◆ Records shown:
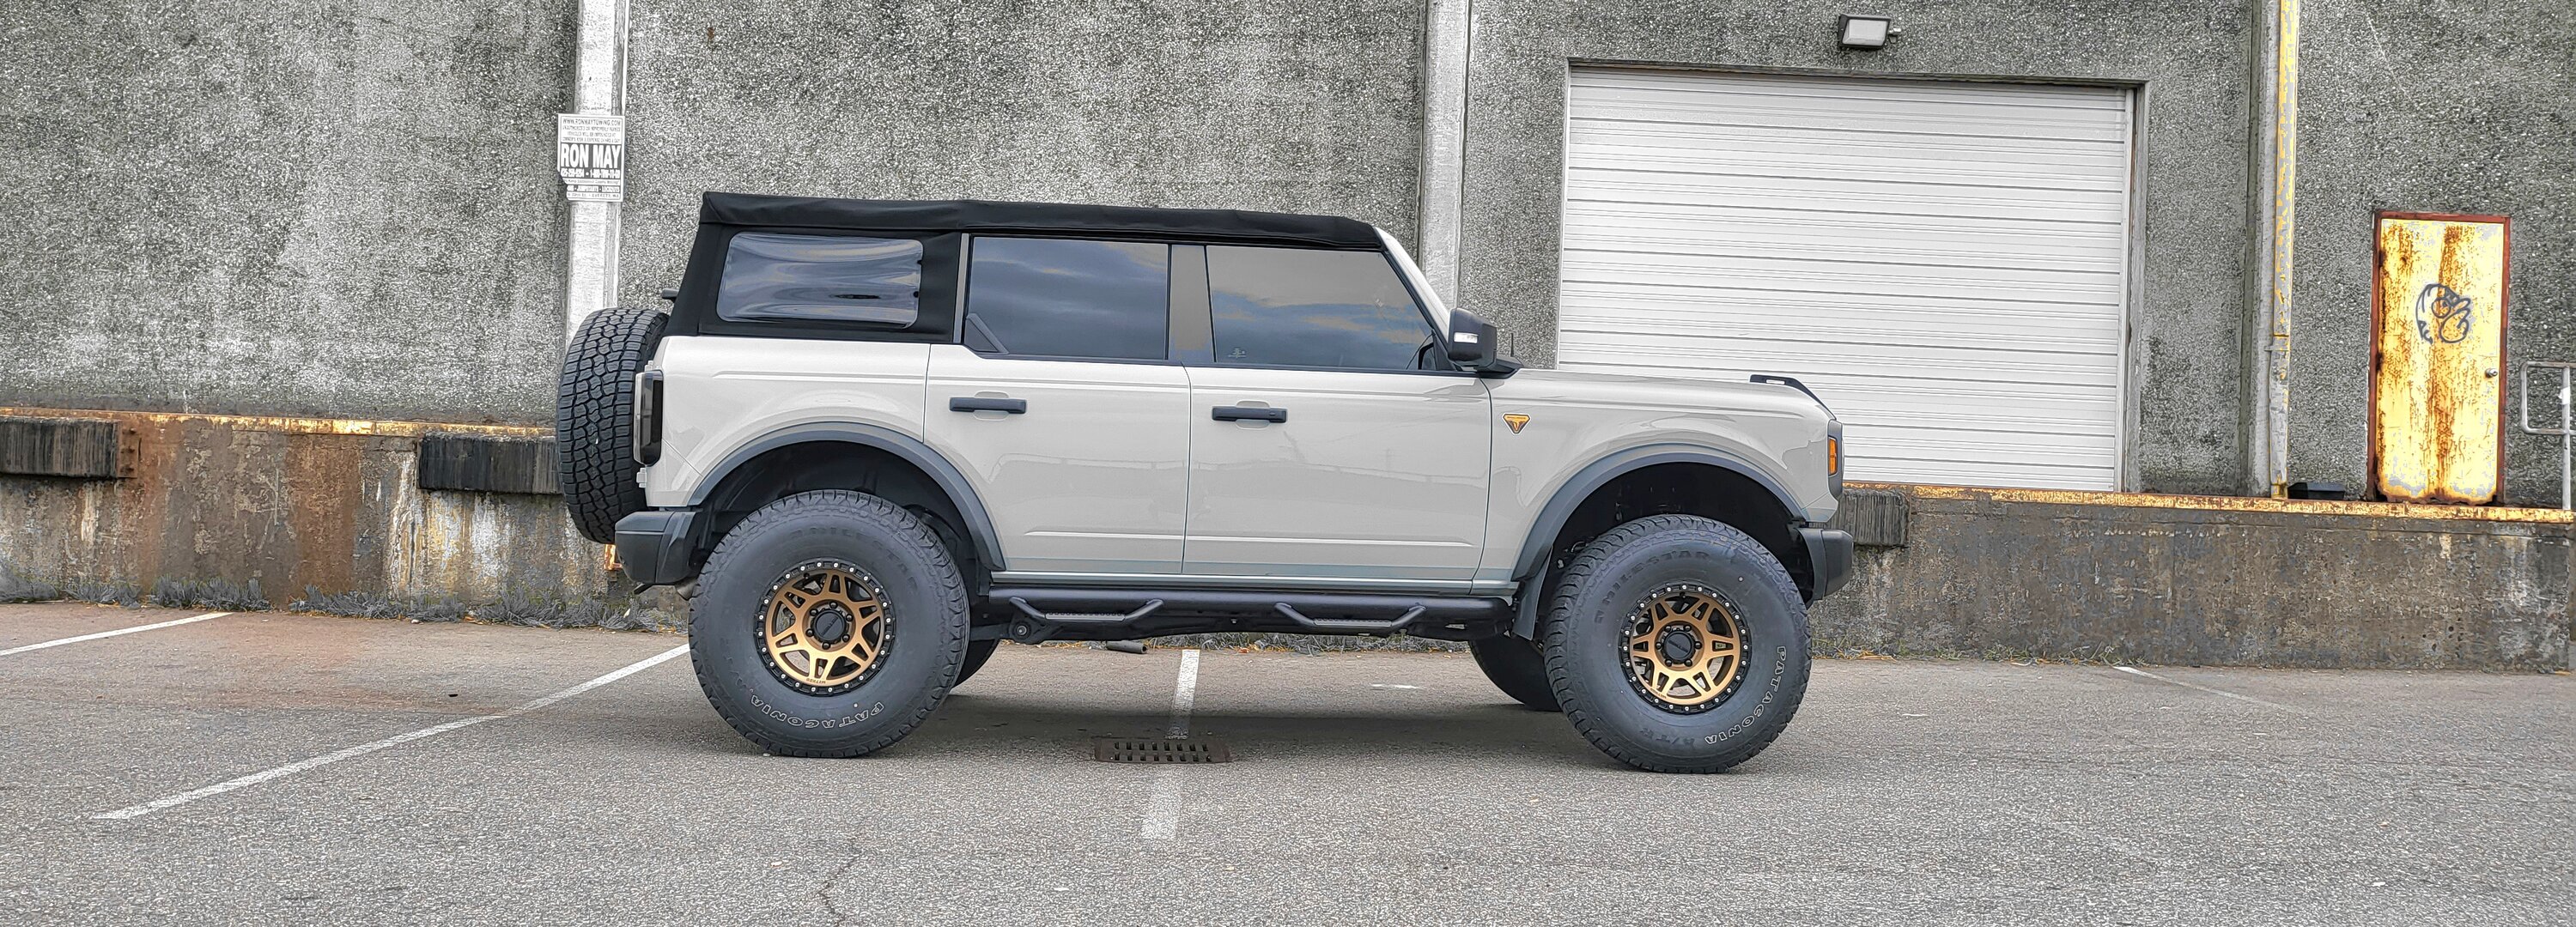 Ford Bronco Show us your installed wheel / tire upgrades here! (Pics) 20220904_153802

...

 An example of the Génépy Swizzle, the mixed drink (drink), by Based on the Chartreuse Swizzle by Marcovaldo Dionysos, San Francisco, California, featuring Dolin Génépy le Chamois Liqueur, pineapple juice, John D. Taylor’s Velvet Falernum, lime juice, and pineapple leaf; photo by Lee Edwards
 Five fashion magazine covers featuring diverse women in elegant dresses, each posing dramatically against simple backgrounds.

==

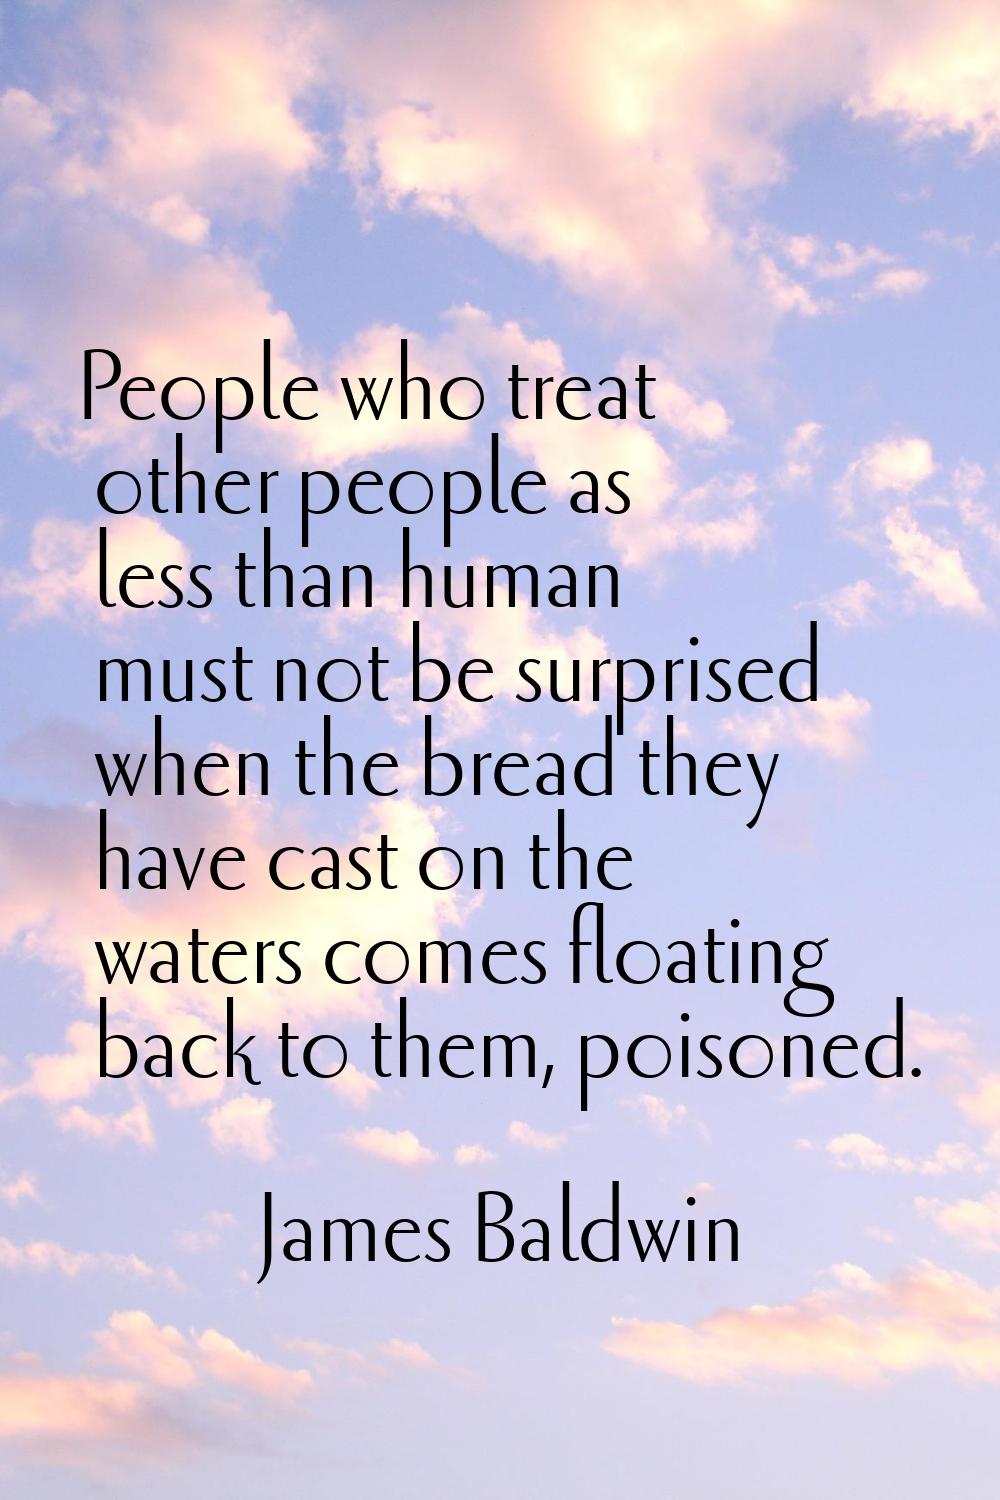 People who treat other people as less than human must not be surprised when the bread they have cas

◆ Exercise: For every line above that has "featuring" in it, copy the line.

◆ Solution to the exercise:
 An example of the Génépy Swizzle, the mixed drink (drink), by Based on the Chartreuse Swizzle by Marcovaldo Dionysos, San Francisco, California, featuring Dolin Génépy le Chamois Liqueur, pineapple juice, John D. Taylor’s Velvet Falernum, lime juice, and pineapple leaf; photo by Lee Edwards
 Five fashion magazine covers featuring diverse women in elegant dresses, each posing dramatically against simple backgrounds.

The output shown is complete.